Monday, February 13, 2006

A Proved Hypercorrection?

Here's a sentence from an article in The New York Times Magazine by Daphne Merkin. Note the use of "proved" as an adjective:

Writers in the business of trend-spotting have to come up with trends, after all, and Sheehy, the author of the best-selling "Passages," is a proved virtuoso at this genre.


People normally say "proven" in this situation. And I'm sure most people write "proven" as well. Is Daphne Merkin an exception? Maybe, but I have a strong feeling she originally wrote "proven" and it was changed by a copy editor who was misapplying the common prescriptivist rule that "proved" is preferable to "proven" when it's being used as a past participle (that would make it an example of hypercorrection). If Merkin had written this: "Sheehy had proved herself a virtuoso at this genre," then "proved" would have been "correct." But in what she actually wrote, it should have been "proven," as is clear from The New York Times Manual of Style and Usage: "as an adjective before a noun, proven is better: a proven remedy, proven oil reserves."
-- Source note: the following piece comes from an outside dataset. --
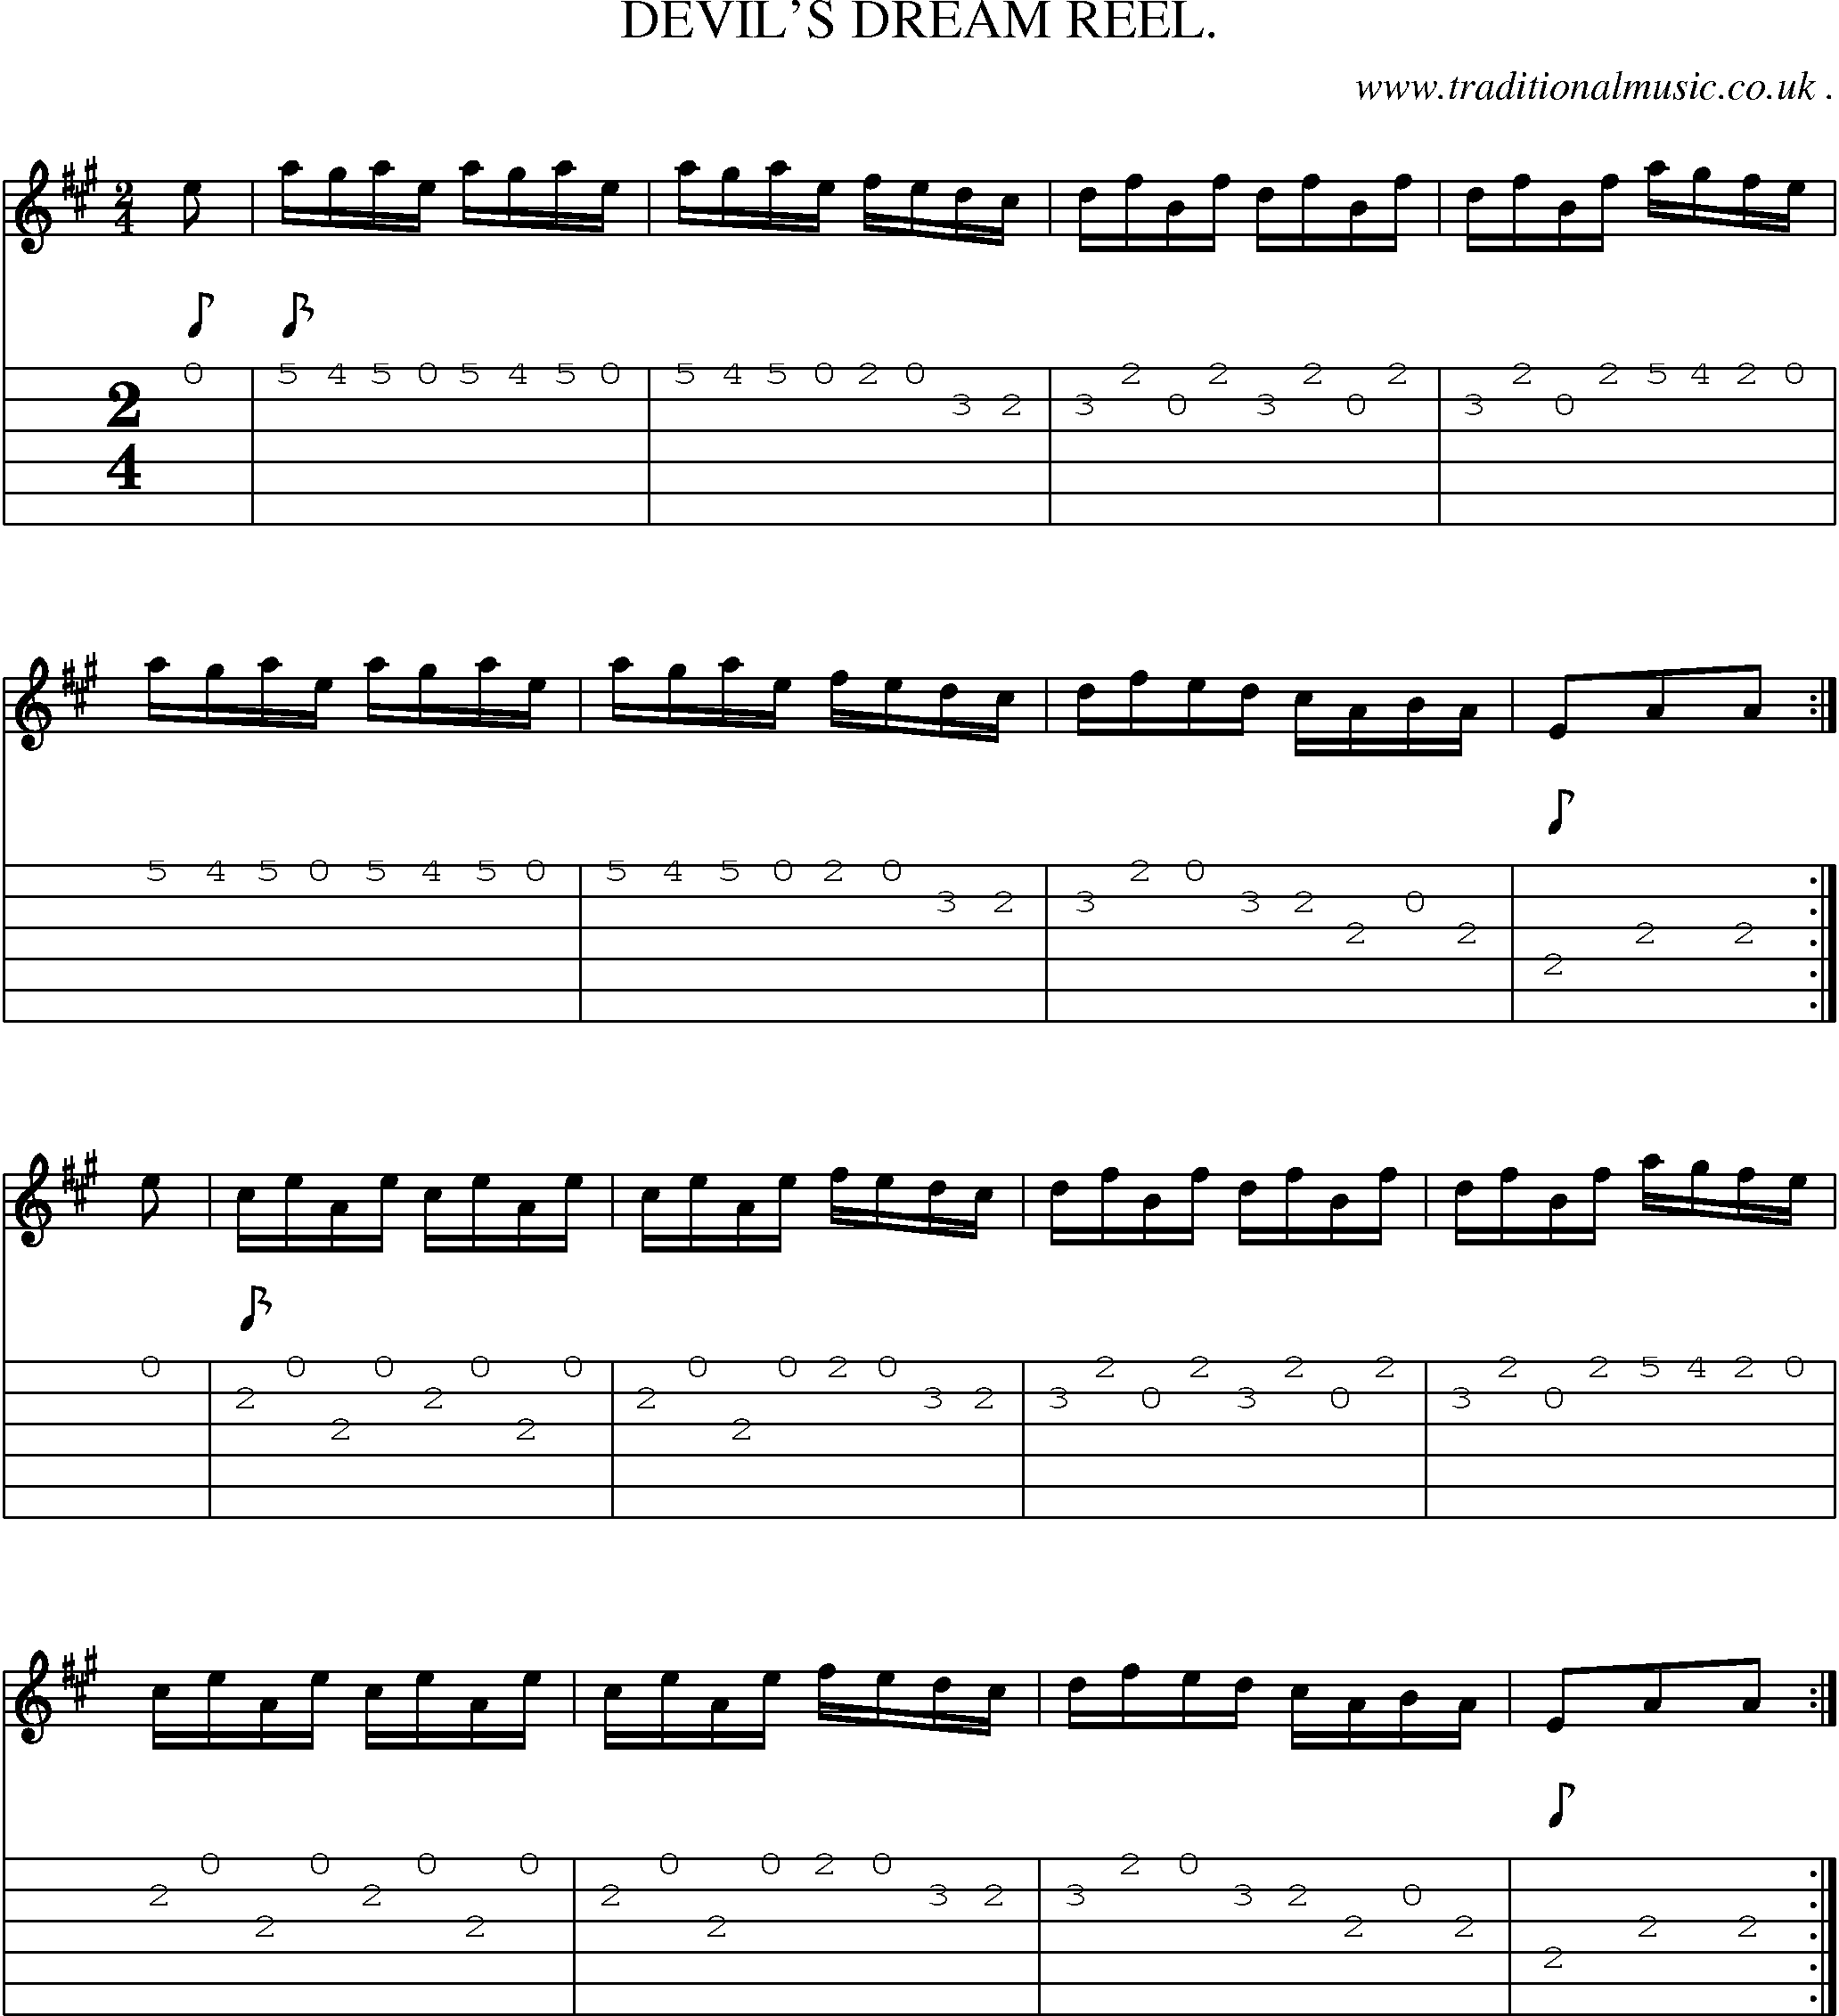 Sheet-Music and Guitar Tabs for Devils Dream Reel
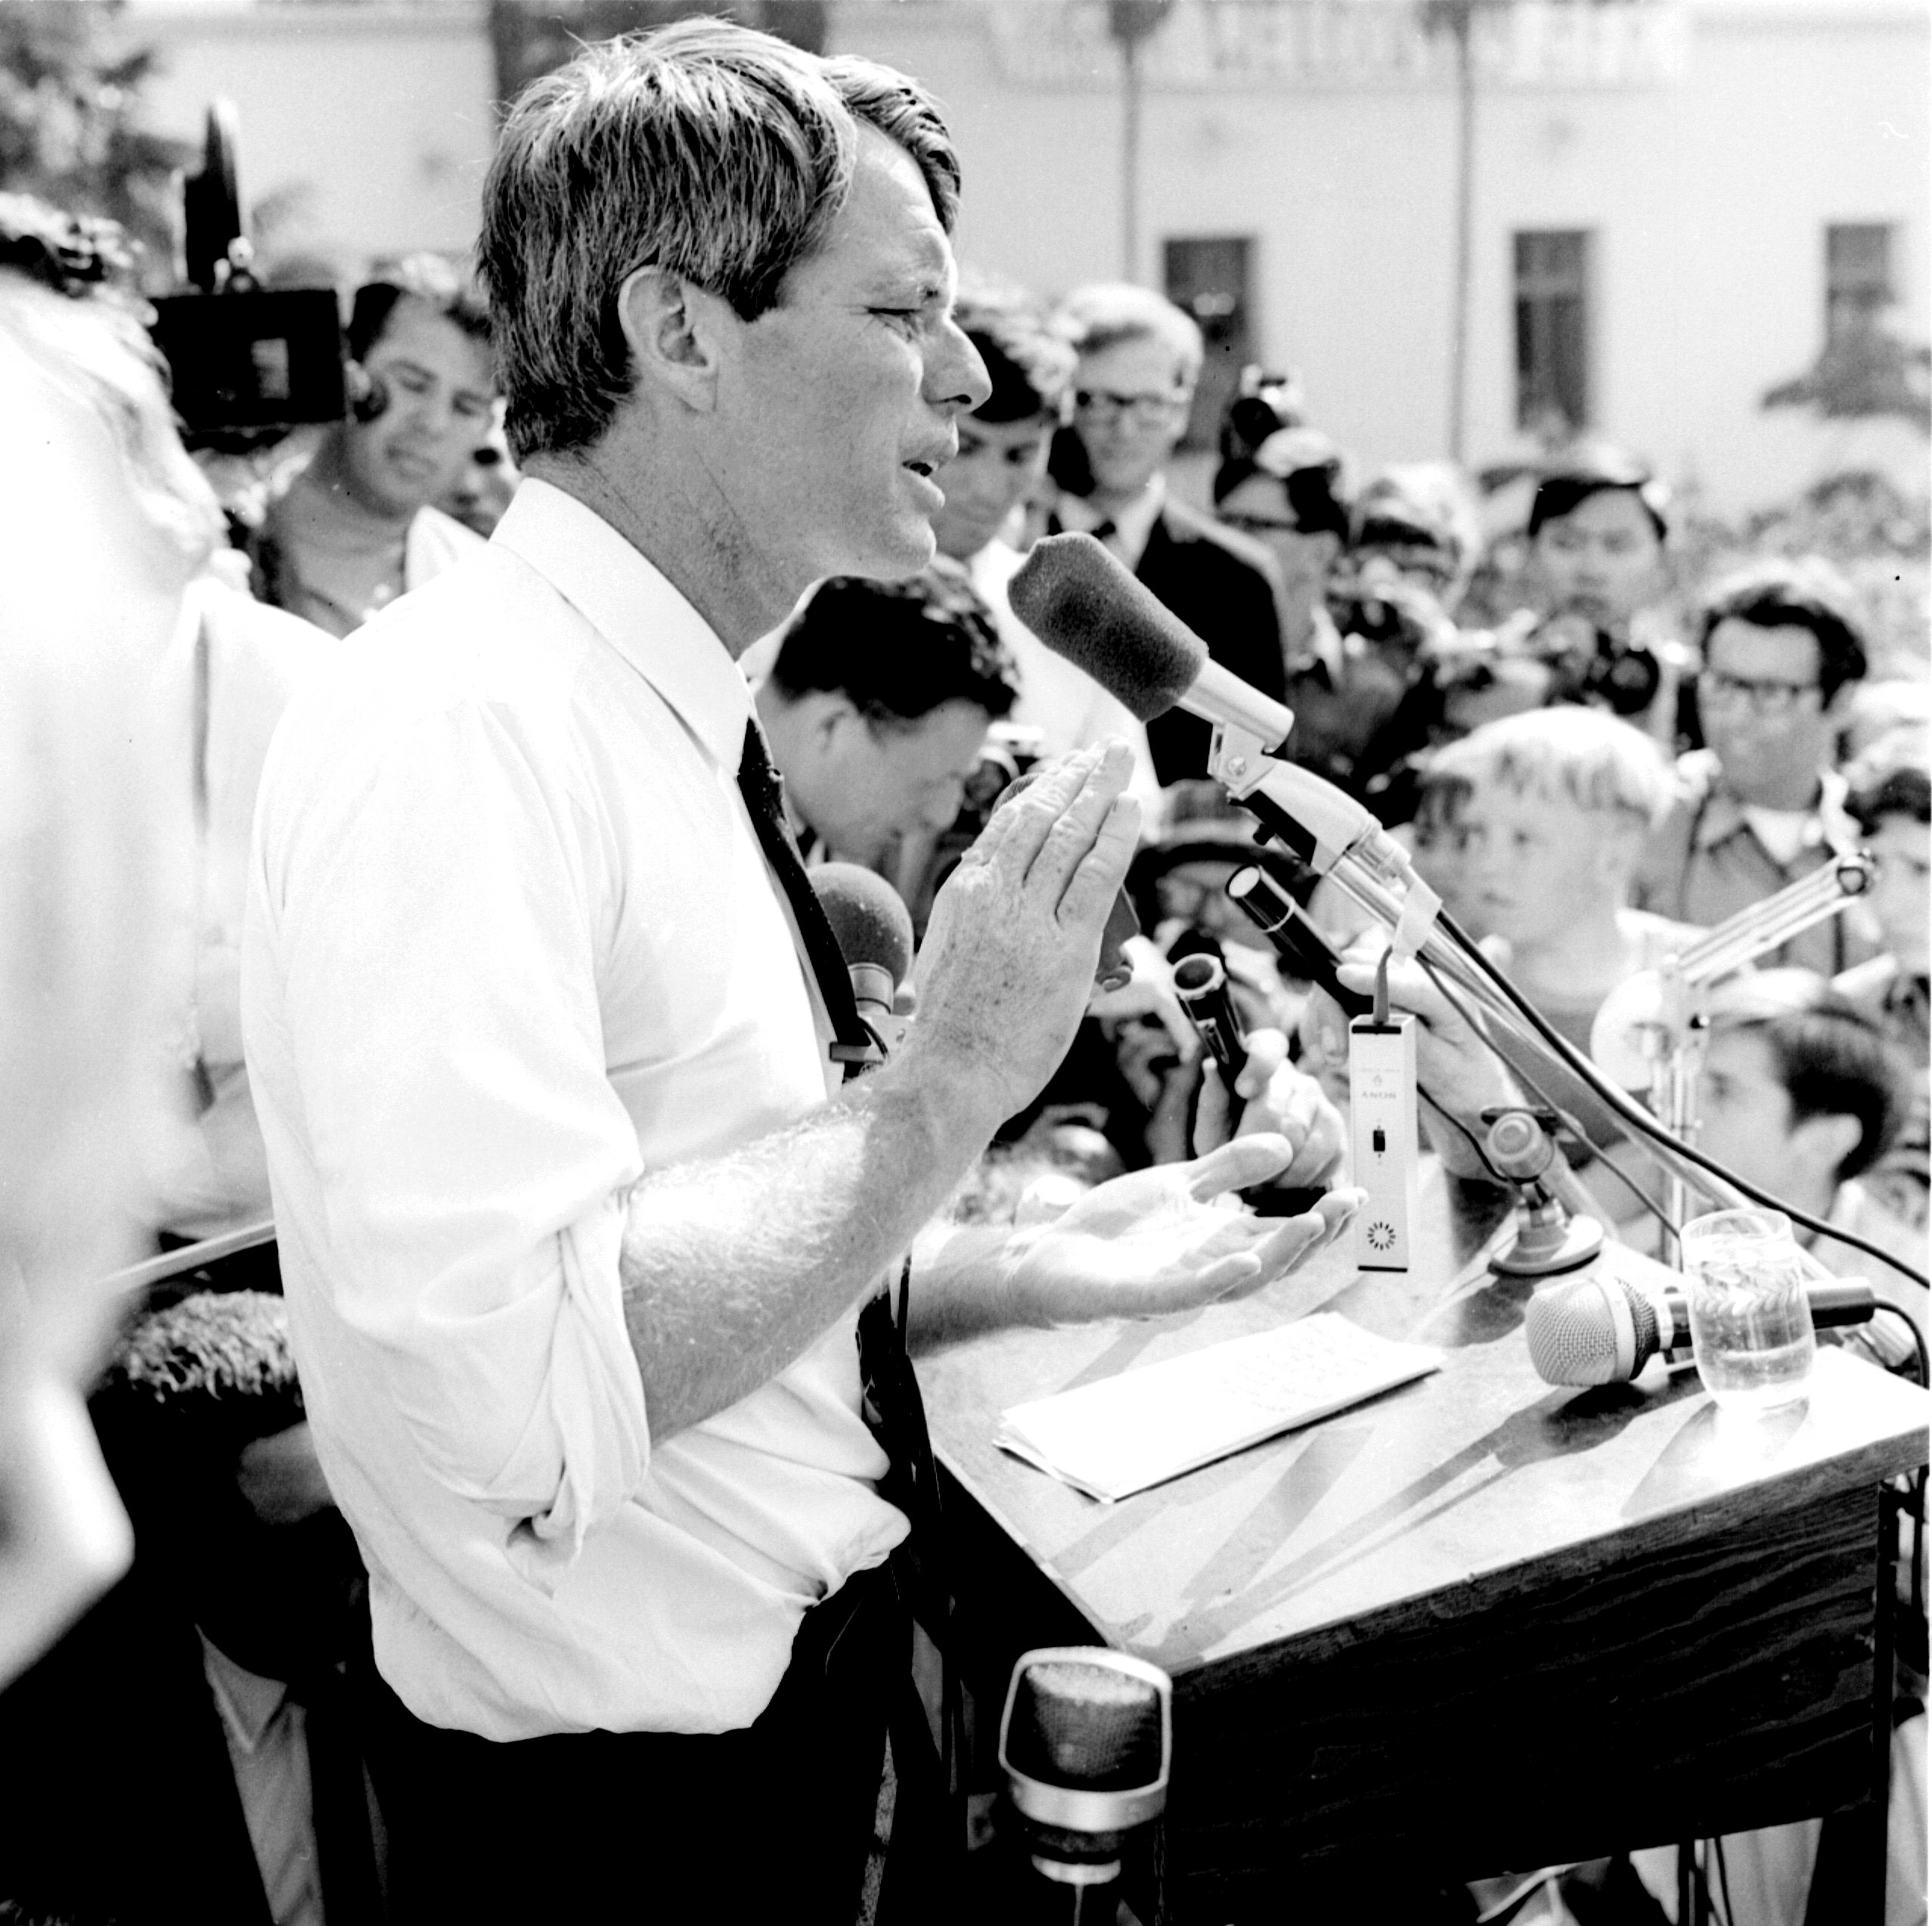 New Medical Analysis Shows What Really Happened On The Night Robert F. Kennedy Was Assassinated

I was curious about how prevalent this usage was in the Times, so I did a couple of Nexis searches comparing "a proved" with "a proven" (that won't catch things like "we enlisted proven experts," but it does provide a basis for comparison). Turns out it's very rare. There are only two instances of "a proved" in the past five years, compared with more than 400 for "a proven."

Now, I'm not saying "proved" is certifiably wrong here, just that it's clunky and unnatural sounding. It looks like a case of robotic but faulty rule application. But it's not surprising that copy editors, who are trained to follow a set of arbitrary rules (even when they flout common sense), sometimes get confused and apply a nonexistent rule that turns something serviceable into something stilted.

1 Comments:

At 3:54 PM, Blogger Tracy Quan said...

I can't prove this but couldn't "proved" be a typo? Editors can have blind spots.